Pseudohynobius puxiongensis (Fei & Ye, 2000)
The animal is not easy to find. Data are insufficient to make a statement about its status (IUCN, 2010). Only recently rediscovered, this species is apparently rare. No more than 300 adults were discovered in a three-year survey (Xiong et al., 2011). It is threatened by habitat fragmentation and destruction by grazing.
Vomerine teeth arranged in two short arched series. Premaxillary fontanelle usually small (Peng et al., 2010), but the holotype has no premaxillary fontanelle (Fei & Ye, 2000). No labial folds; no cornified coverings on palms and soles. 13 costal grooves. Upper side uniformly grayish brown, underside dark grey. Inconspicuous dark yellow spots present on dorsal side of tail (Fei & Ye, 2000; Xiong et al., 2011).
Karyotype:
2n=52, 1M, 2ST, 3SM, 4SM, 5M, 6ST, 7M, 8SM, 9SM, 10T, 11SM, 12M, 13M, m (14–26), from Xiong et al. (2011).
The mitochondrial genome has been sequenced by Peng et al. (2010).
Pseudohynobius puxiongensis differs from P. flavomaculatus and P. guizhouensis by having a distinct yellowish line on the dorsal tail and a shorter total length; from P. shuichengensis by having yellow dorsal spots; from P. kuankuoshuiensis by nearly rounded dorsal spots; from P. jinfo by a tail length shorter than snout-vent length (Xiong et al., 2011.
Slender body form; trunk cylindrical, slightly depressed. Head slightly flattened. No labial fold. Vomerine teeth in two short obliquely arched series, almost meeting in midline. Gular fold distinct. The holotype records an internasal bone, which was considered as a primitive character only observed in extinct ancestral amphibians (Fei et al., 2006). However, specimens rediscovered 45 years later show no sign of an internasal bone, and the holotype was considered as a case of rare individual variation (Peng et al., 2010). Similarly, the holotype has no premaxillary fontanelle, which is present in rediscovered specimens (Peng et al., 2010). Tail shorter than snout vent length. 13 costal grooves (Xiong et al., 2011 recorded only 11 costal grooves). Four fingers, five toes. No horny cover on palms and soles. Dorsal fin fold low. Skin smooth (Fei & Ye, 2000). Upper side gray-yellow, mottled with yellowish spots, underside generally grey. A distinct yellowish line presence on the dorsal side of tail (Xiong et al., 2011).
All measurements are from Fei & Ye (2000).
Male (holotyepe). Total length: 133 mm; snout-vent length: 71.4 mm; Head length: 16.8 mm; Head width: 11.3 mm; forelimb length: 19.7 mm; hind-limb length: 20.8 mm.

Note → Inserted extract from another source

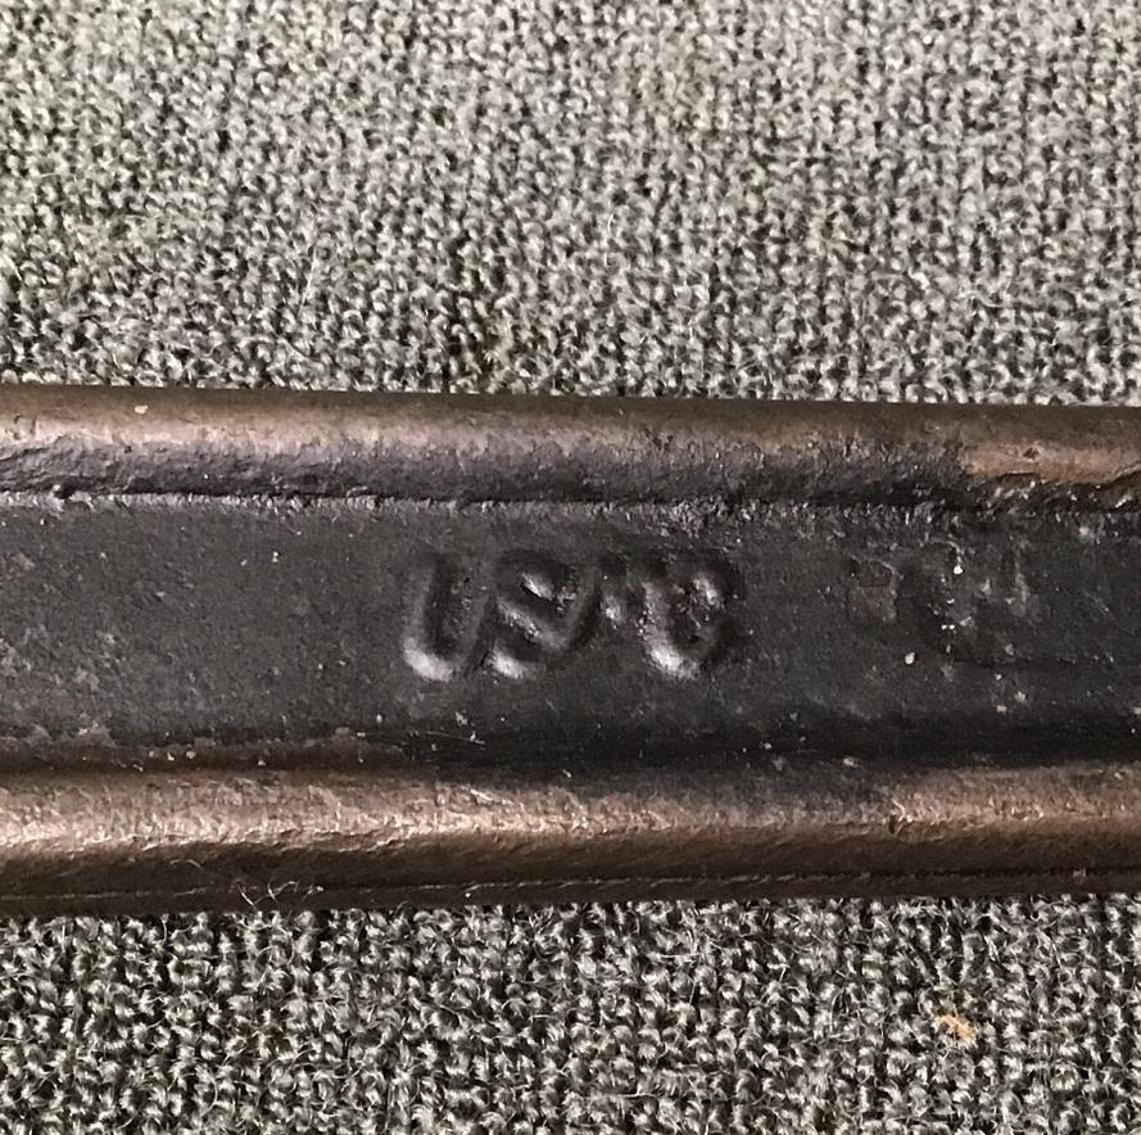 Image for Usmc Marked Open End Wrench

Pseudohynobius puxiongensis was described as Protohynobius puxiongensis on the basis of a single specimen collected in 1965 (Fei & Ye, 2000). Because the specimen has an internasal bone, it was thought to retain a primitive character lost by a common ancestor of all other hynobiid salamanders, and it was thus considered to be not only a new genus, but also a new subfamily Protohynobiinae (Fei & Ye, 2000). Rediscovery of living individuals of P. puxiongensis near the type locality in 2008-2009 showed that the rediscovered specimens were identical to the original description, except for the presence of the internasal bone and the absence of the premaxillary fontanelle observed in the holotype, which could be just an individual variation. Investigation of the complete mitochondrial genome led to the conclusion that P. puxiongensis was nested within the hynobiid family and was most closely related to the group of Pseudohynobius species. Consequently, Peng et al. (2010) included Protohynobius in the synonymy of the genus Pseudohynobius.
It is only known from the type locality Puxiong and its immediate surroundings, in Yuexi County, Sichuan Province, China (Fei & Ye, 2000; Peng et al., 2010).
This salamander normally lives on land, in and around mountain streams at 2,900 m (Peng et al., 2010). Lush bamboo and shrubs cover the stream (Xiong et al., 2011). The salamanders are always found in the upper parts of small mountain brooks that originate from springs. Batrachuperus pinchonii, Bufo gargarizans and Bombina maxima coexist with this species (Fei & Ye, 2000).
Breeding season likely is from March to the end of April or even longer (Xiong et al., 2011). The pair of egg sacs is coiled in a spiral shape and attached to under surfaces of stones or to a wall of cavities. The eggs are arranged in the egg sac in a single line or interlaced (Peng et al., 2010). Larval coloration in life: dorsal side flaxen, mottled with black brownish spots; ventral side gray; tail fin silver white (Xiong et al., 2011).